I have seen Clutch probably 25 or so times since '93 and enjoy JPs performance every time .

last time I saw them was the Robot Hive tour at a small club out my way called Starland Ballroom..... they opened with The Incomparable Mr. Flannery and I was standing right at the front of the stage
JP comes out while the stage is still dark finishing a sandwich .....shoves the last large bit into his mouth and starts playing the opening groove to the tune .....he chewed on that wad of sandwich for probably a 3rd of the tune.

that always stuck with me

big heavy weight cat eating a sandwich and grooving like he is dragging a bag of bricks around the stage

love it
 
always loved JP

the drum fill that opens La Curandera always gives me goose bumps
nothing really technically amazing about it but it just builds the perfect amount of tension in the 2 seconds that it lasts .
something about those 3 triplet kicks that follow the sextuplet snare that just hits me every time .

I have seen Clutch probably 25 or so times since '93 and enjoy JPs performance every time .

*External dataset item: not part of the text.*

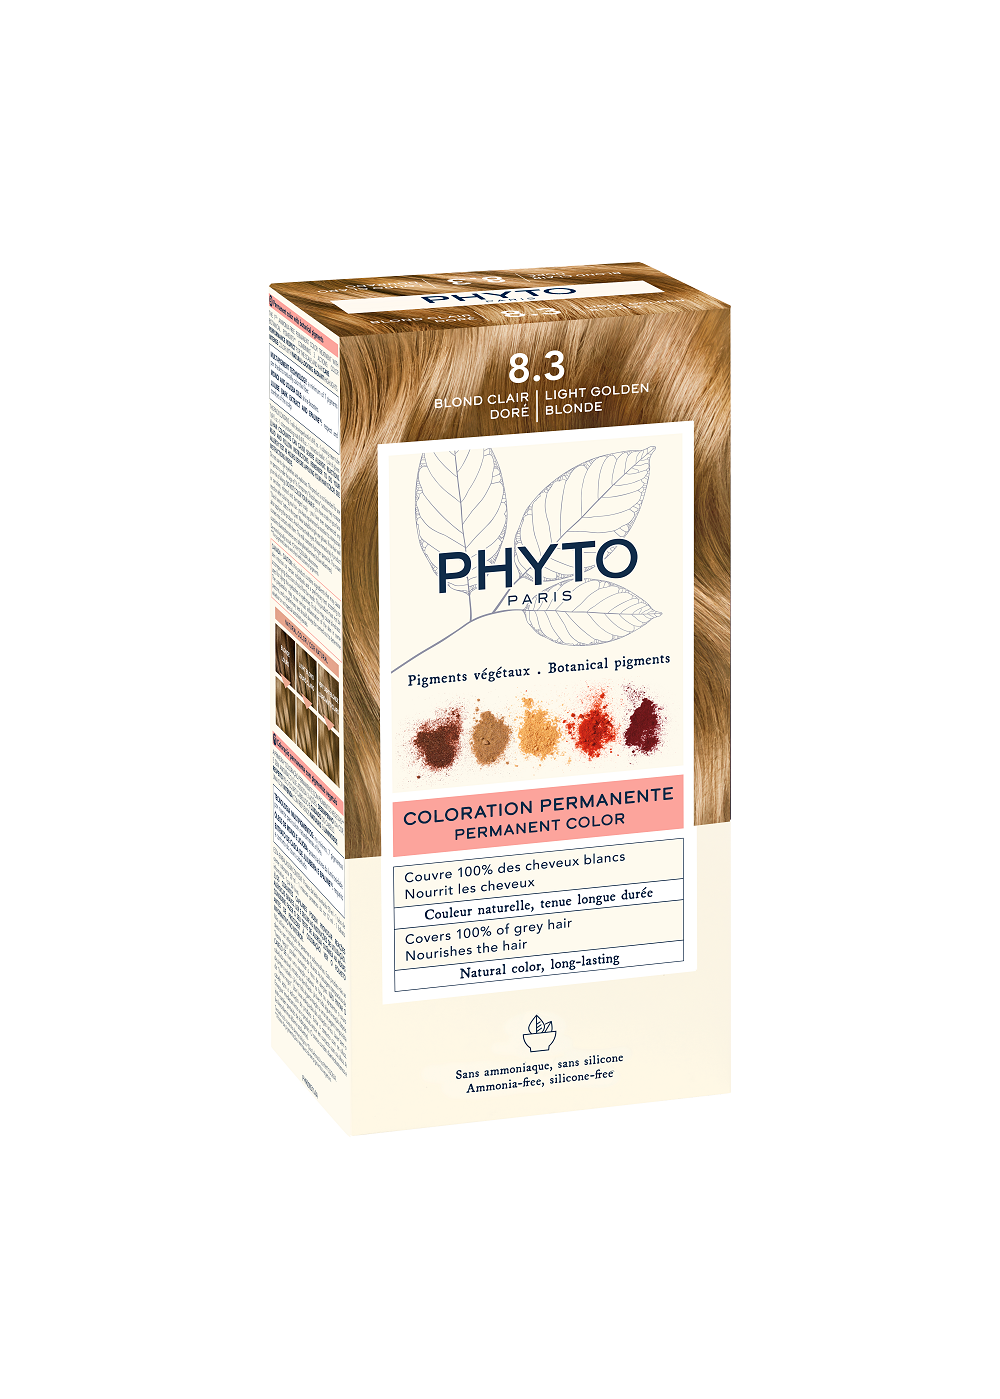 New Phytocolor 8.3 Light Golden Blonde

last time I saw them was the Robot Hive tour at a small club out my way called Starland Ballroom..... they opened with The Incomparable Mr. Flannery and I was standing right at the front of the stage
JP comes out while the stage is still dark finishing a sandwich .....shoves the last large bit into his mouth and starts playing the opening groove to the tune .....he chewed on that wad of sandwich for probably a 3rd of the tune.

that always stuck with me

big heavy weight cat eating a sandwich and grooving like he is dragging a bag of bricks around the stage

love it

I've taken lessons with him via Bandhappy. A very humble and respectable human being. They play in my area quite often, either Knoxville or Chattanooga. I get out to see them when I can. A real class act.
 
Connie Kay is my all time number 1 favorite jazz drummer! So naturally this thread demands my attention. Let me share a few more great drummers you might not have heard of starting with John Poole. John was Anita O'Day's drummer and road manager for 32 years. He is considered one of the best, a true master of brush techniqe. I saw him with Anita and Buddy Rich in the mid-1960s on consecutive nights. O'Day and Poole traveled with and performed with the Buddy Rich Big Band during that time. Poole was the better of the two with brushes, an opinion that even Buddy conceded. Not as well known is that in 1940, John won the US Rudimental Drum Chapionship at age 14. In the early 1950s he toured with Charlie Parker and Dizzy. This guy can be heard on many of Anita O'Day recordings and you will not believe that this guy is not famous. Another underrated drummer is Denzil Best, who was the first and in my opinion best of George Shearing's drummers in the early to mid - 1950s. Denzil was also a very accomplished brush man. George Wettling was the CBS house drummer in NYC from the 1930s thru at least the early 1950s. He played with a lot of people in and around 52nd Street, and on a number of Keystone and Commodore Recordings during that era. He was a guy who had fun and it comes through loud and clear on all of his recordings. Another guy to single out is one who played in a Latin idiom from the 1970s on to the present is Airto Moreira. Airto is a consumate percussionist, not normally associated with the kit, but wow can he play. Great technique, complex rhythmic patterns, always restrained. He understands his role in support of the musicians he is playing with like no other. Finally I would like to single out Herlin Riley, as being my favorite of a long list of outstanding drummers coming out of New Orleans. I like his work with Wynton Marsalis in particular. If a NO drummer can be considered to be understated, this is the guy. Taste, feel, groove, just a great, great player.